Gasifiers are the newest technology for wood burning right now. I wanted to burn coal since it is so cheap around my area. so the gasifier was out. 

AHS, www.newhorizoncorp.com and H.S. Tarm all make one. Although the Tarm is more $$ than the others and won't handle large pices of wood. 

Atleast you have plenty of time to do some good research before you are going to buy since you are going to hold off a while. Good luck with whichever one you buy.


----------



## catmando (Dec 18, 2004)

Chief: The New York state report was well written. I think that most of the information is fairly trust worthy. Trouble with most manufacturers is that they give statistics based upon controlled tests. Which may or may not reflect the actual installed operation.

I would bet that in a few years the OWB will feel the pressure of the bad publicity and start improving their products. I don't think that it would take much to put a catalyst in the exhaust gas stream and really improve the efficiency and emmisions.


----------



## Live Oak (Dec 22, 2003)

Hi Carl! Haven't seen you post in a few months. Great to see you back. I thought the report was well written too. It covered a lot of areas I had not initially thought of plus the list of link to manufacturers was helpful as well.


----------



## bennyhill (Feb 19, 2021)

Hello to all!!
It would be Awesome if y'all had some pictures of these boilers, and all the other names y'all have commented on..
poor man here so I have thought to put up a wood burning stove out side and run a copper coil in side of it to make hot water and heat my home.


----------



## pogobill (Jan 31, 2012)

There are links in the above posts that have pictures.
This one for instance.




__





Classic Outdoor Wood Furnace | Central Boiler


Central Boiler's Classic series of wood furnaces are easy to load and operate while maintaining durability, quality, performance, and maximum efficiency.




centralboiler.com





Or have a look at something like this.








heating water with a wood stove


Apart from simply popping a kettle or pan onto the top of your stove, how else can your woodstove heat water?




salamanderstoves.com





Why not put the wood stove in the house to heat the water? It will heat your home as well. Also could put a system of black pipe on the roof to give you solar heated water in the summer. That would cut back on burning wood in the house in the summer to heat the water, and running the air conditioner to keep the house cool!  

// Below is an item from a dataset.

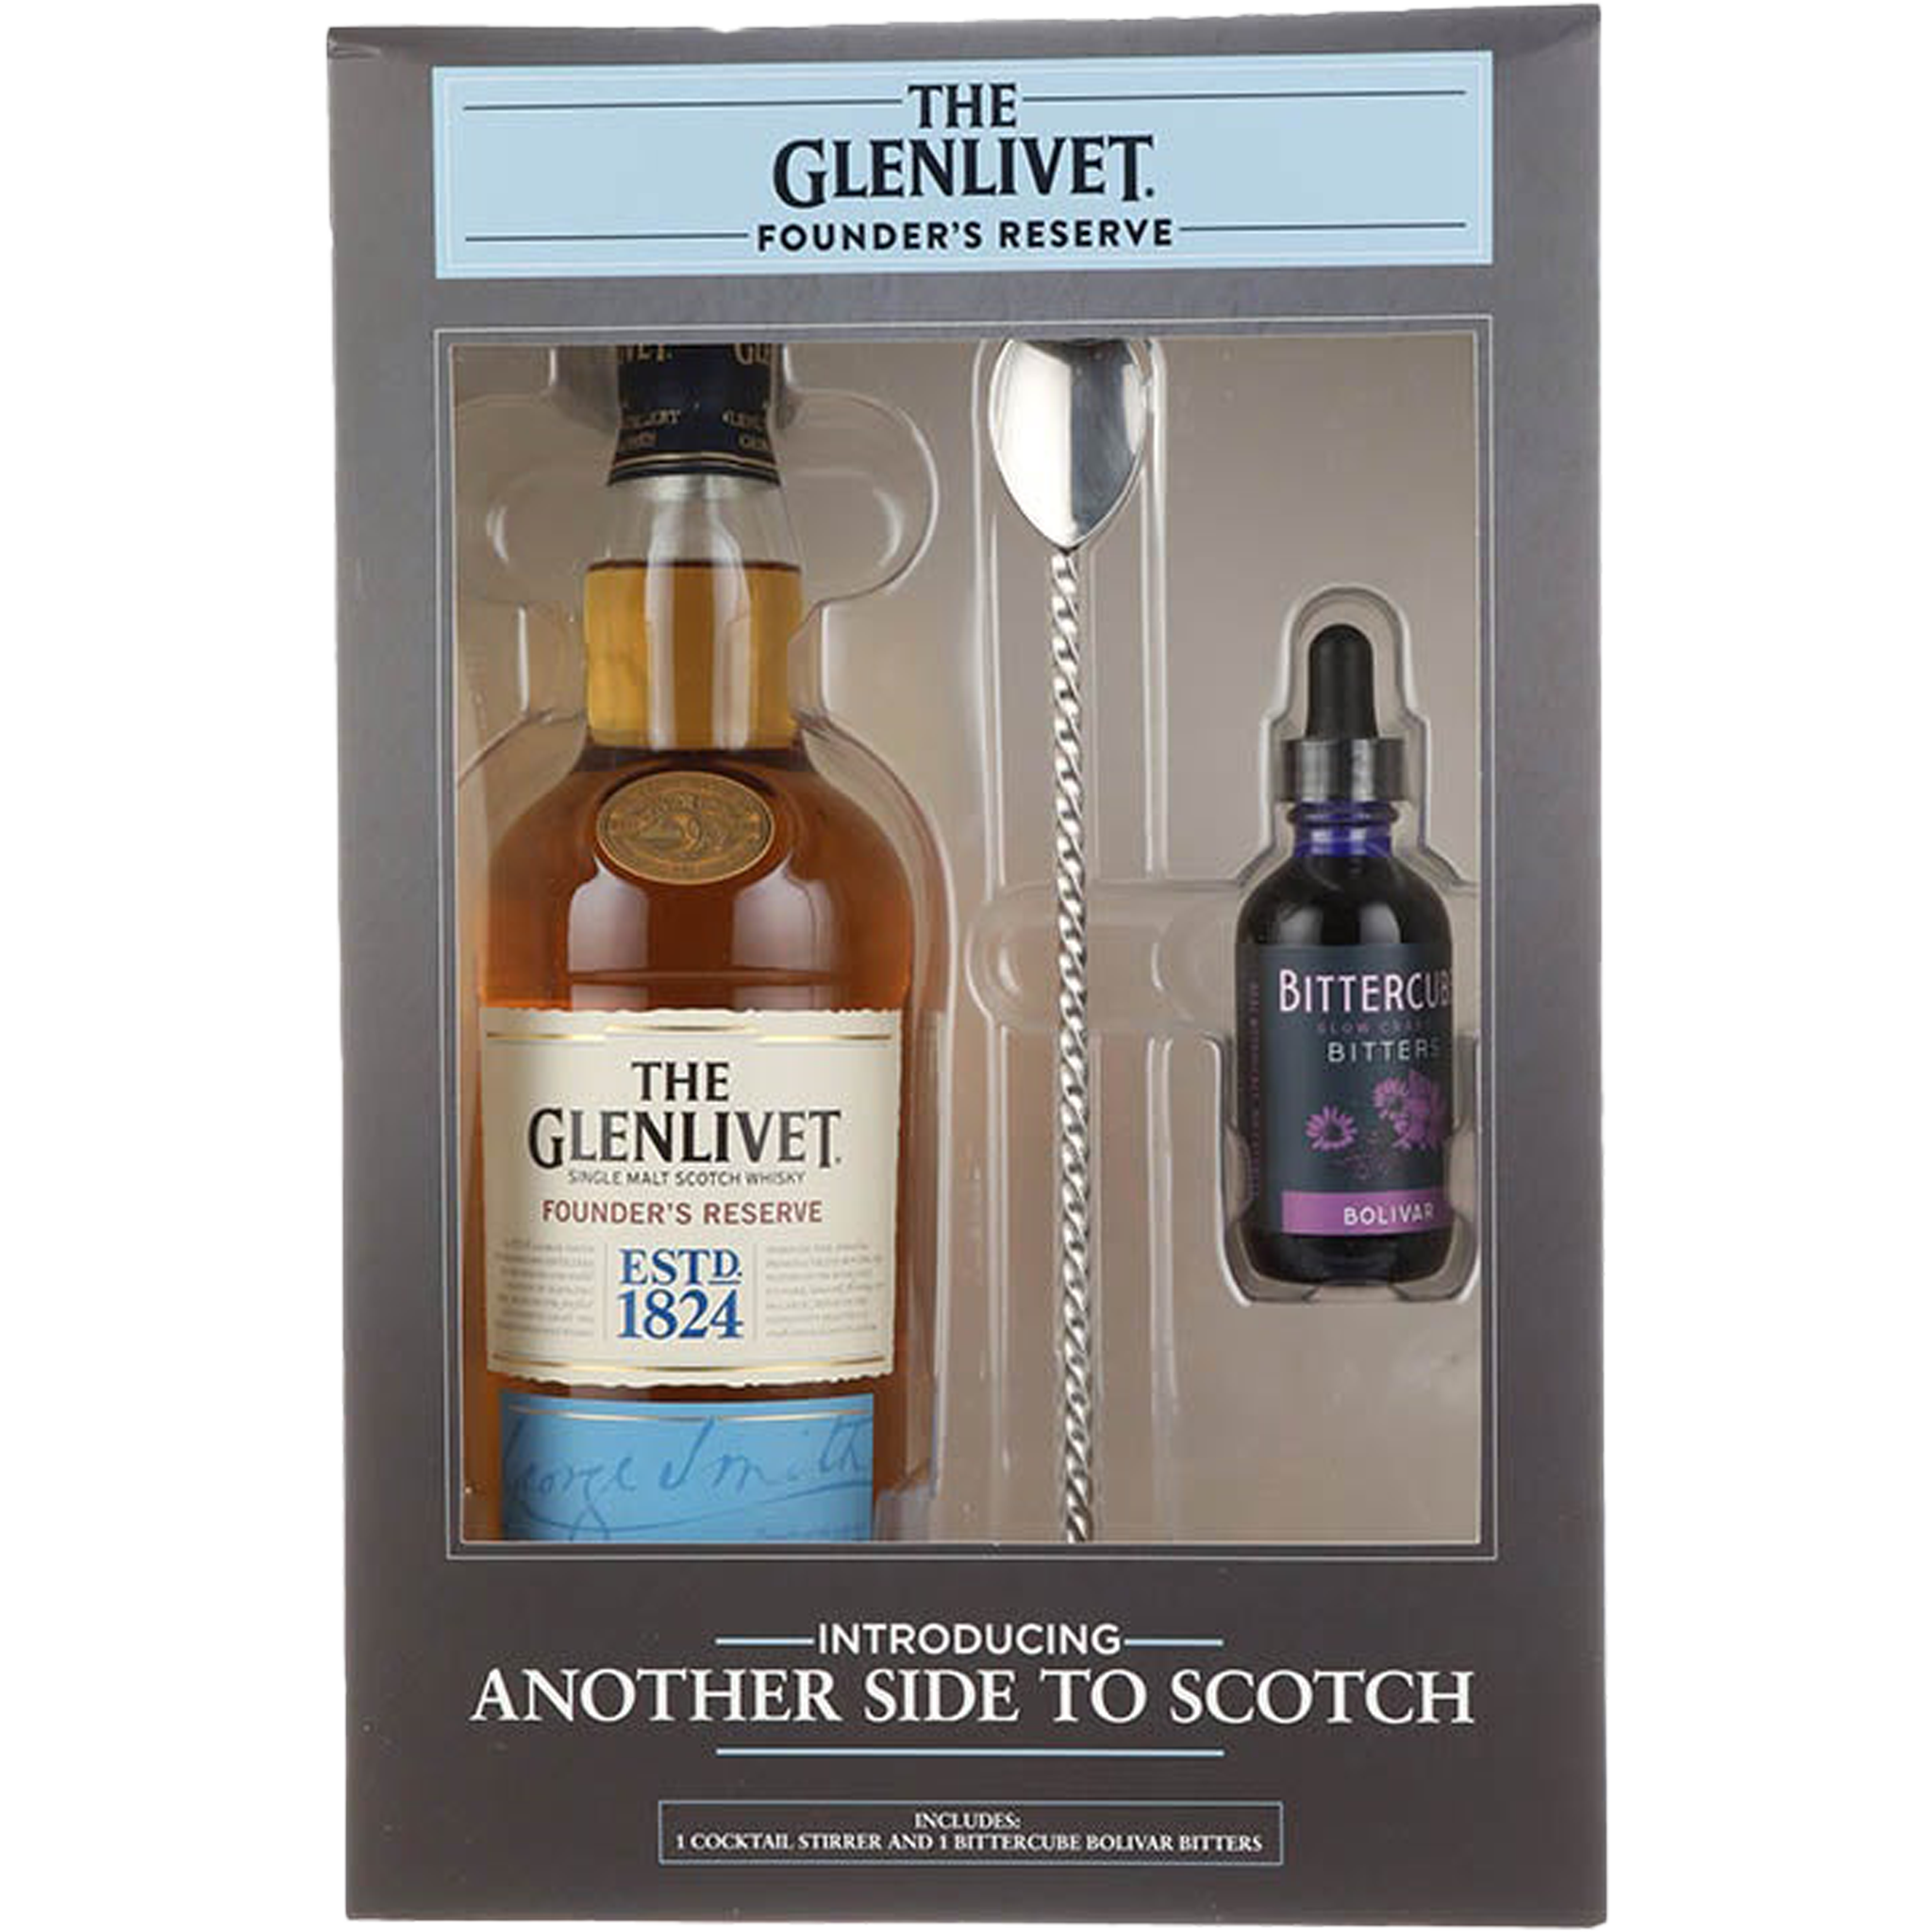 The Glenlivet Founder's Reserve Gift Set

We used the idea you are talking about, years ago. Referred to as coil stoves. We used them to keep our drill water from freezing in the winter time when we were out in the bush developing mines. Used a coil stove which looked like a 55 gallon drum with a 6 or 8 inch skin of concrete on the inside to hold the heat, with a coil of pipe embedded in it. We just used a 100 pound propane bottle and a weed burner to provide the fire and a 1 inch heavy duty mining hose wrapped in insulation and poly to transport the water to the mine site, via a big old piston pump set up on the lake ice. Similar set up to this








Waterline Heater - Thermex Engineered Systems Inc







thermex-systems.com


----------



## marc_hanna (Apr 10, 2017)

I have both a combo wood/oil boiler and a sealed fire place. The boiler is in my garage with lines running into my house and the fireplace is inside the house.

The is not a high efficiency unit. Between the two I’m burning 10 cord. And yes, there is labour involved. The house is about 4,000 square feet and we get temps down to -25C in the winter. The garage is about 2,000 sqaure feet amd is kept just above freezing from the ‘bleed off’ heat. The sealed fore place produces great heat to heat the main and 2nd floors with very little wood, whereas the boiler serves mainly to heat the concrete slab below grade and uses about 3/4 of the wood. But my house is always toasty.


----------